# LLM to Motion

OpenAI Documentation: https://platform.openai.com/docs/quickstart?context=python

Find your keys here: https://platform.openai.com/api-keys

Keep an eye on your credit usage: https://platform.openai.com/usage

Following this guide: https://wandb.ai/onlineinference/gpt-python/reports/Setting-Up-GPT-4-In-Python-Using-the-OpenAI-API--VmlldzozODI1MjY4

## Set your GPT Key to your ENV

Uncomment this line to check your environment variables. That should be set up in .zshrc or .bashrc

In [1]:
# %env

In [2]:
%pwd

'/Users/liamroy/Documents/Studies/Monash_31194990/PHD/Studies/Study_04/LLM_vocabulary/scripts'

## Imports

In [3]:
import os
from openai import OpenAI
client = OpenAI()

import re

import random
import time
random.seed(time.time())

from openpyxl import load_workbook

## Start Generating

### Build your prompt

In [4]:
gpt_assistant_prompt = "You are simulating human feedback for training a robot expression model. Your responses should be accurate but have slight variability to simulate human interpretation. Sometimes, humans may interpret the robot's pose differently in similar scenarios, so slight variations are encouraged." 
                       # "You are an expert roboticist and understand how to design communicative expressions for human-robot interaction."

robot_morphology = "dog-shaped quadruped"

deployment_context = f"Consider a scenario where you are collaborating with a {robot_morphology} robot to locate and pick strawberries in a strawberry patch."

state_01 = "S01: [Waiting for Input, The robot is in standby mode waiting for a command from the user]"
state_02 = "S02: [Analyzing Object, The robot is analyzing a target object in front of it on the ground]"
state_03 = "S03: [Found Object, The robot has found a target object in front of it on the ground]"
state_04 = "S04: [Needs Help, The robot is experiencing an error and needs help from the user]"
state_05 = "S05: [Confused, The robot is confused and unsure what to do]"
state_06 = "S06: [None of the Above, It is unclear. The robot does not appear to be in any of the described states.]"

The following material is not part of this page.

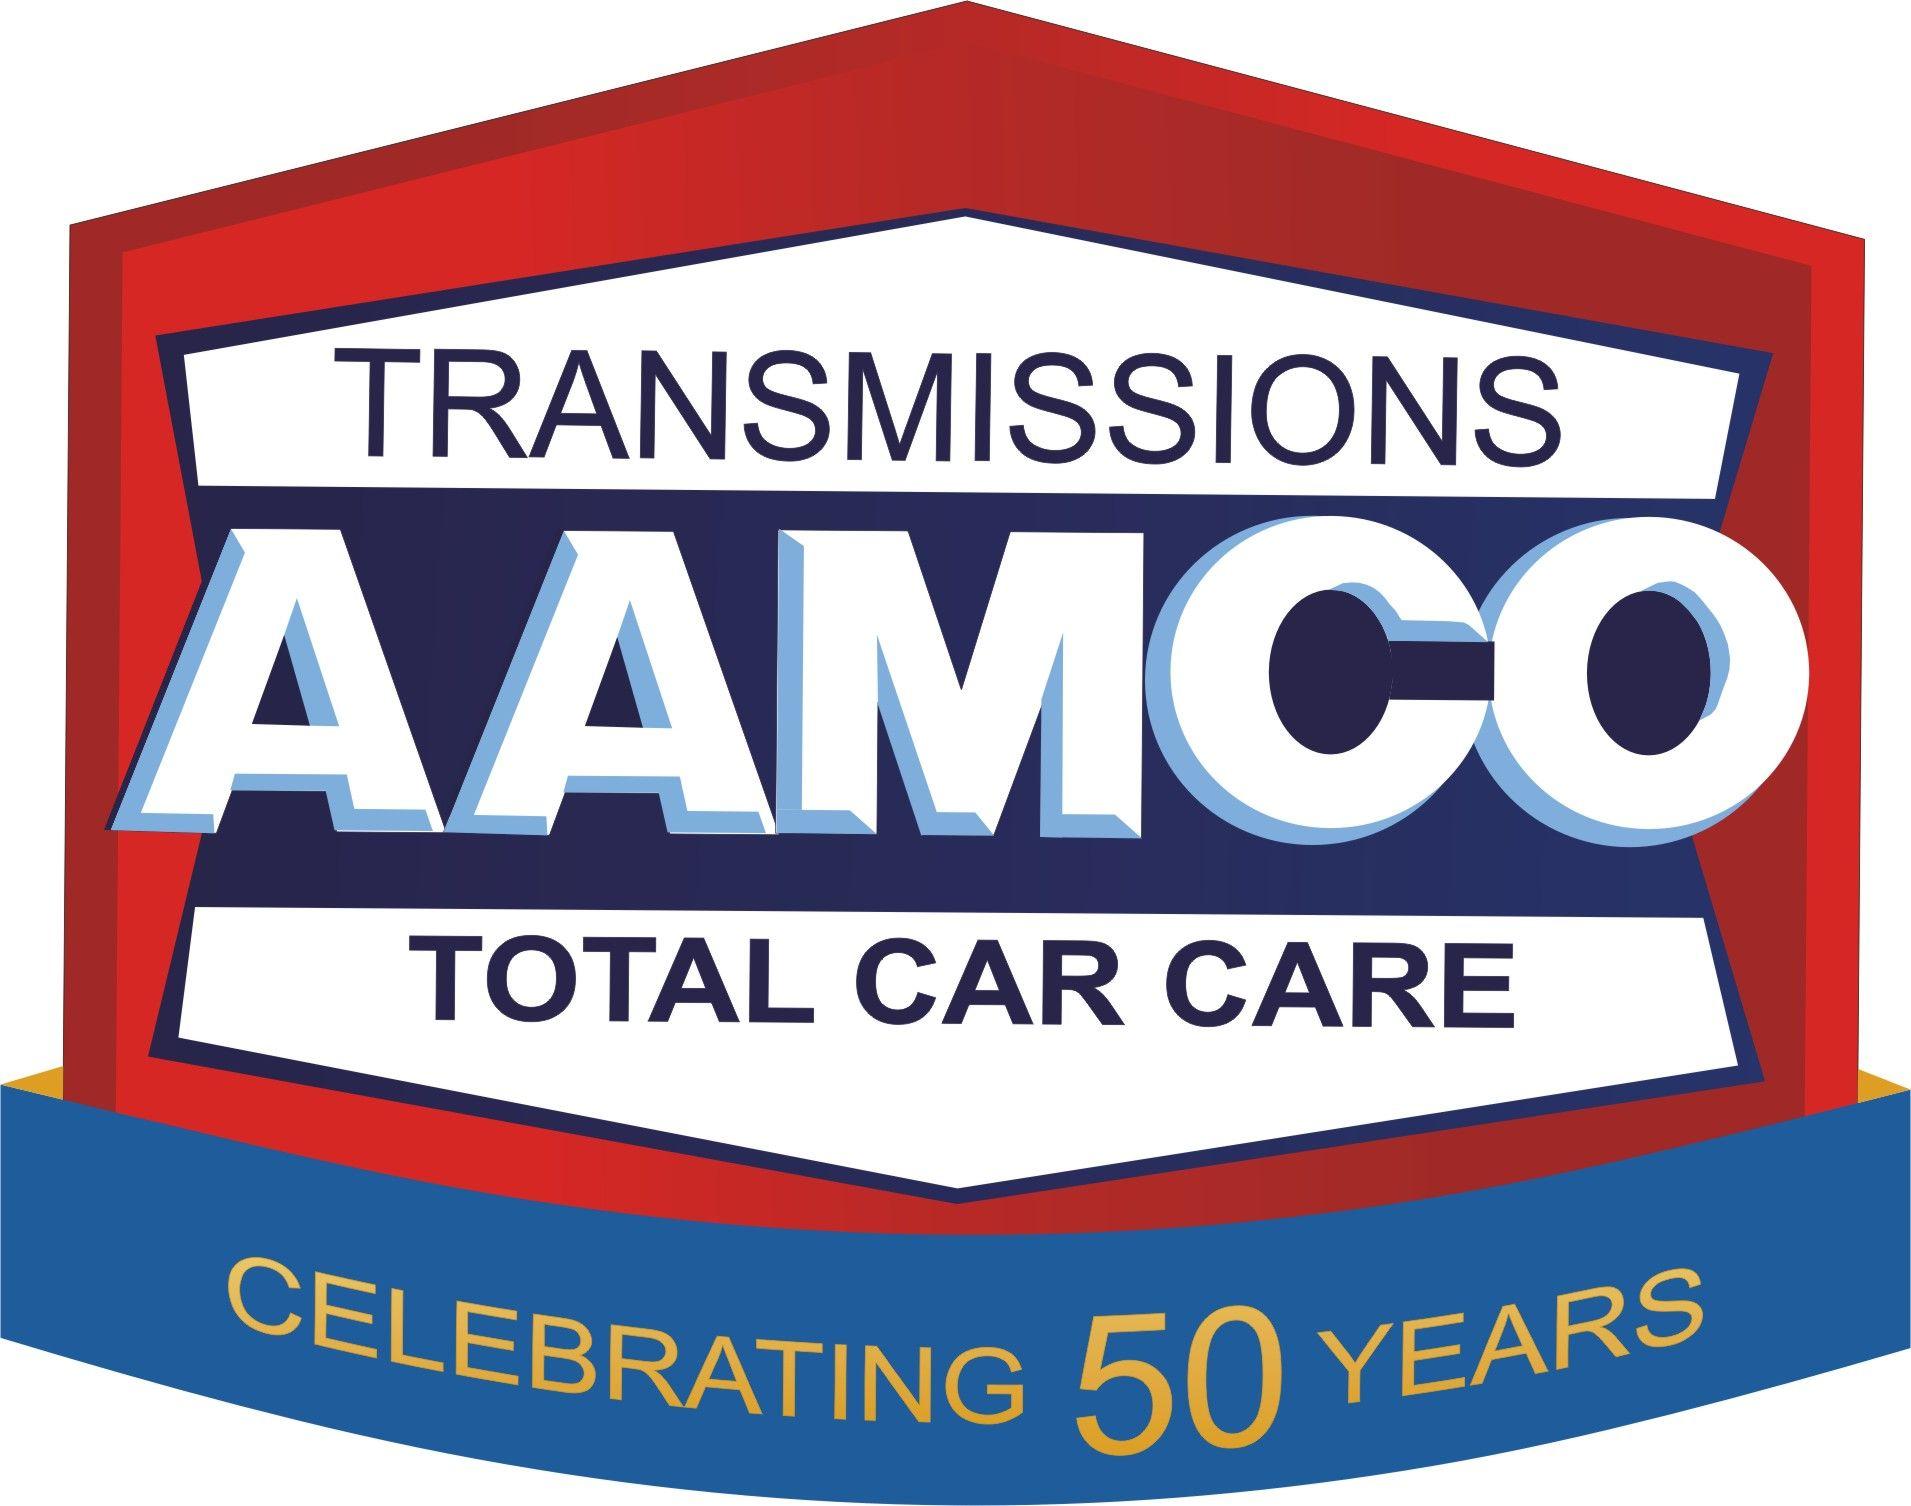 AAMCO Logo - Blog Veteran Hiring Made Easy at Military Job Networks

# This is done to randomize the order in which the states are presented to GPT, to eliminate any bias for states presented first
state_list = [state_01, state_02, state_03, state_04, state_05]
random.shuffle(state_list) # Comment this out to remove randomness 

parameter_01 = "P01: [Body Tilt, Controls the left-right tilt angle of the robot's torso. If set to ‘left’ robot’s torso tilts to the left. If set to ‘neutral’ robot’s torso remains unchanged. If set to ‘right’ robot’s torso tilts to the right., (left, neutral, right)]"
parameter_02 = "P02: [Body Lean, Controls the forwards-backwards lean angle of the robot's torso. If set to ‘backwards’ robot’s torso leans backwards. If set to ‘neutral’ robot’s torso remains unchanged. If set to ‘forwards’ robot’s torso leans forwards.,(backwards, neutral, forwards)]"
parameter_03 = "P03: [Body Turn, Controls the left-right turn angle of the robot's torso. If set to ‘left’ robot’s torso turns to the left. If set to ‘neutral’ robot’s torso remains unchanged. If set to ‘right’ robot’s torso turns to the right.,(left, neutral, right)]"
parameter_04 = "P04: [Body Height , Controls the height of the robot's torso. If set to ‘low’ robot lowers it’s body to the ground. If set to ‘neutral’ robot dog maintains a neutral body height. If set to ‘high’ robot dog raises it’s torso higher.,(low, neutral, high)]"
parameter_05 = "P05: [Body Direction, Controls whether the robot faces the user or a relevant object in the scene. If set to ‘user’ robot faces the user. If set to ‘object’ robot faces the relevant object (the strawberry) in the scene,(user, object)]"
parameter_06 = "P06: [Pose Duration, Controls the duration in which the robot holds its pose. If set to ‘short’ robot holds pose for a short length duration of 1 second. If set to ‘medium’ robot holds pose for a medium length duration of 4 seconds. If set to ‘long’ robot holds pose for a long length duration of 8 seconds.,(short, medium, long)]"
parameter_07 = "P07: [Motion Velocity, Controls the velocity of the robot as it moves to a given pose. If set to ‘slow’ robot moves at a slow speed. If set to ‘medium’ robot moves at a normal speed. If set to ‘fast’ robot moves at a high speed. ,(slow, medium, fast)]"
parameter_08 = "P08: [Motion Smoothness, Controls whether the robot's motion is smooth or shaky. If set to ‘smooth’ the robot’s motion is smooth without any disturbances. If set to ‘shaky’ the robot’s motion is shaky looks like it is trembling.,(smooth, shaky)]"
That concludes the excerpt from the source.